I seems from my subjective experience, that the 10% of people who experienced the challenging but relatively linear career path set a cultural expectation that left the 90% of people in the room who meandered their way to success somehow feeling less worthy.

I’ve not done a global survey but I suspect that the people who juggle career goals with real life goals make up a majority of our workforce.

I know organisations and different professions do have their own paths and structures but it seems to me that we mostly provide resources and reward to support the firmly focussed 10% while allowing the 90% who muddle through the middle, to fear that it means they are failing.

At a personal level, the consequences of this can be crushing. At an organisational level, it feels like we are failing to protect an enormous pool of talent that we have invested in for the previous 10 years or more.

As a coach I know that sometimes, even reminding people that there will be a way through the messy middle is resource enough to change their perspective and enthusiasm.

As a consultant, I wonder what might happen if we provided structures and support to allow people to find their way to the next stage at their own pace. Can we normalise the messy middle?

The exact circumstances might be different for each of us but maybe most people experience some version of this juggling of important life goals with our professional career.
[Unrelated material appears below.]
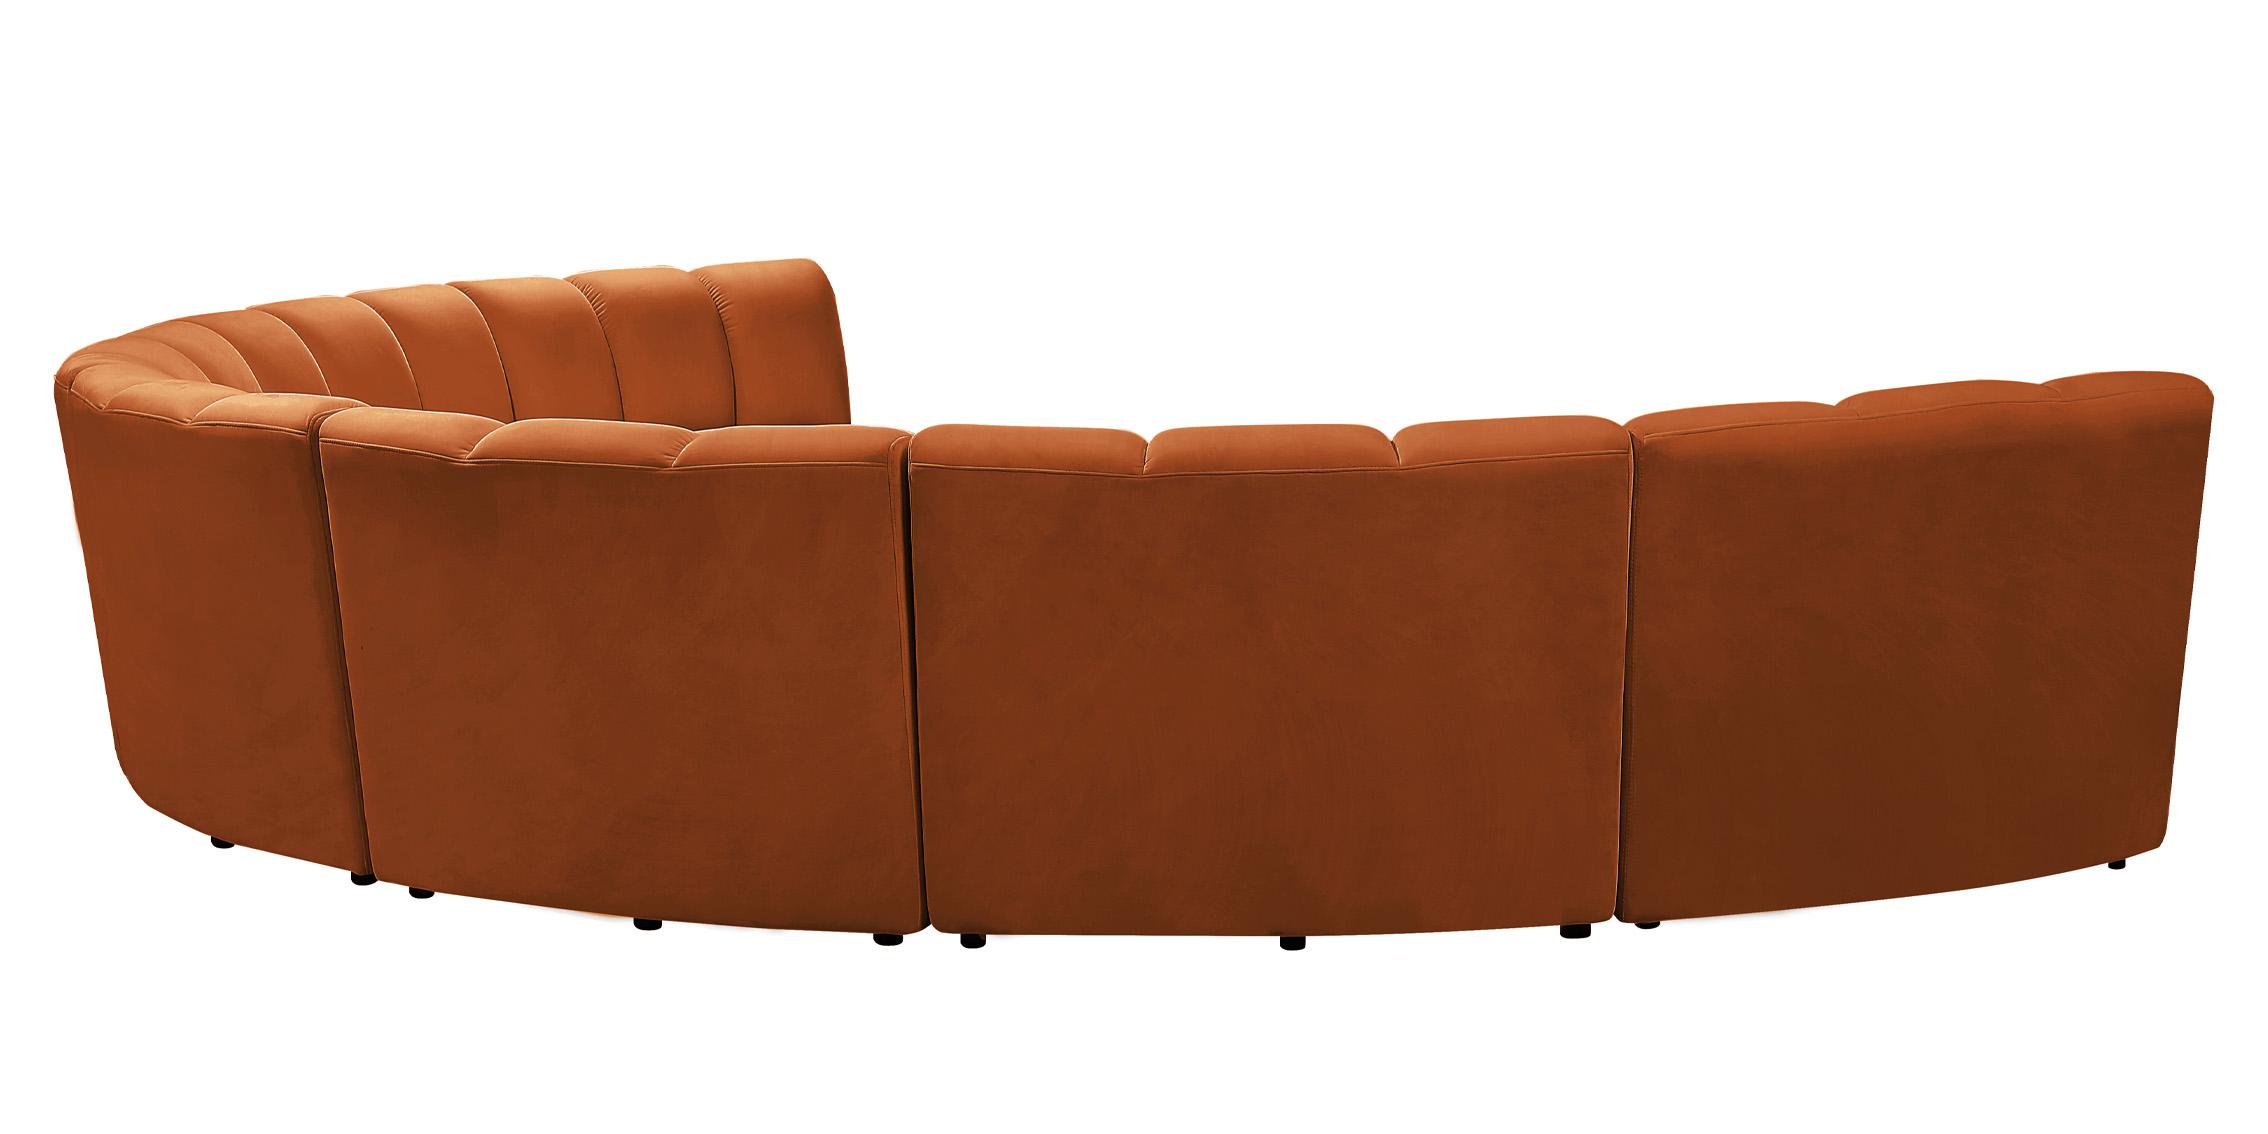 

    
638Cognac-7PC Meridian Furniture Modular Sectional Sofa
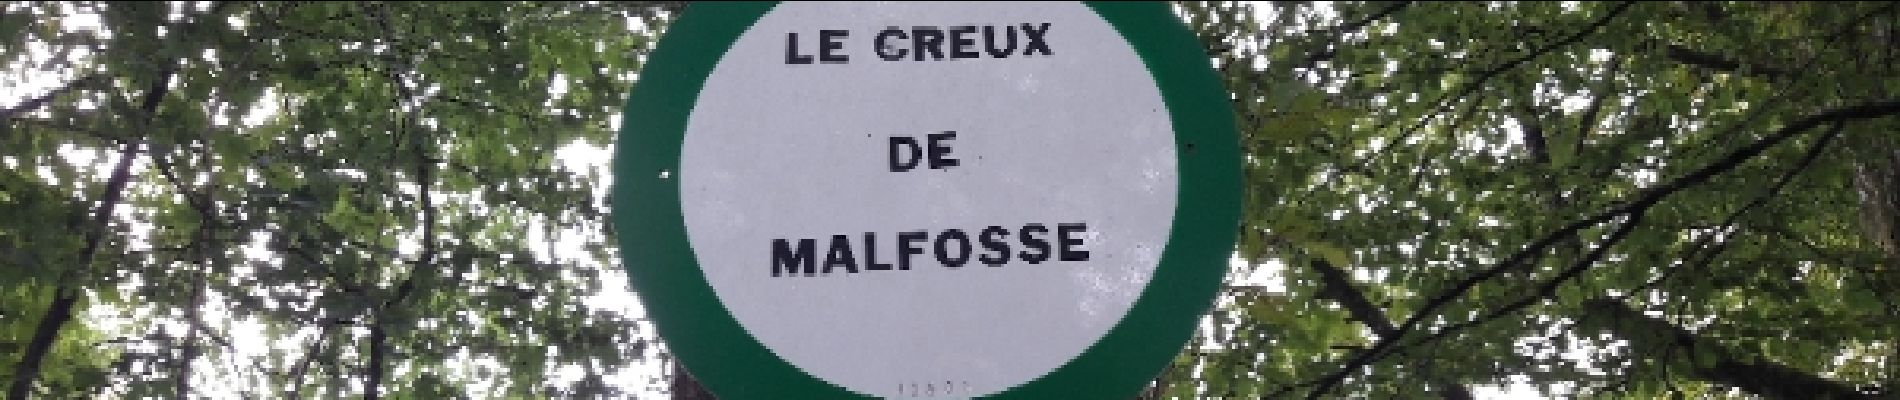 POI Badevel - Le Creux de Malefosse - Photo

It doesn’t mean we don’t care about our careers, just that we can care about several things. Rather than abandoning our career goals we can learn from the journey.

Could we could support career breaks, holding open the option of rejoining the workforce in the future. Can we create pathways allowing people to re-skill or up-skill on their return and bring their experience with them, back into our organisations?

And what if we didn’t penalise people for needing or wanting to take a break? It seems that the popularity and success of 4-day-week initiatives shows that a singular focus on work is not the best way to motivate most people.

Perhaps having additional priorities in our lives means that we have more, not less, creativity to invest in solving the professional challenges ahead of us?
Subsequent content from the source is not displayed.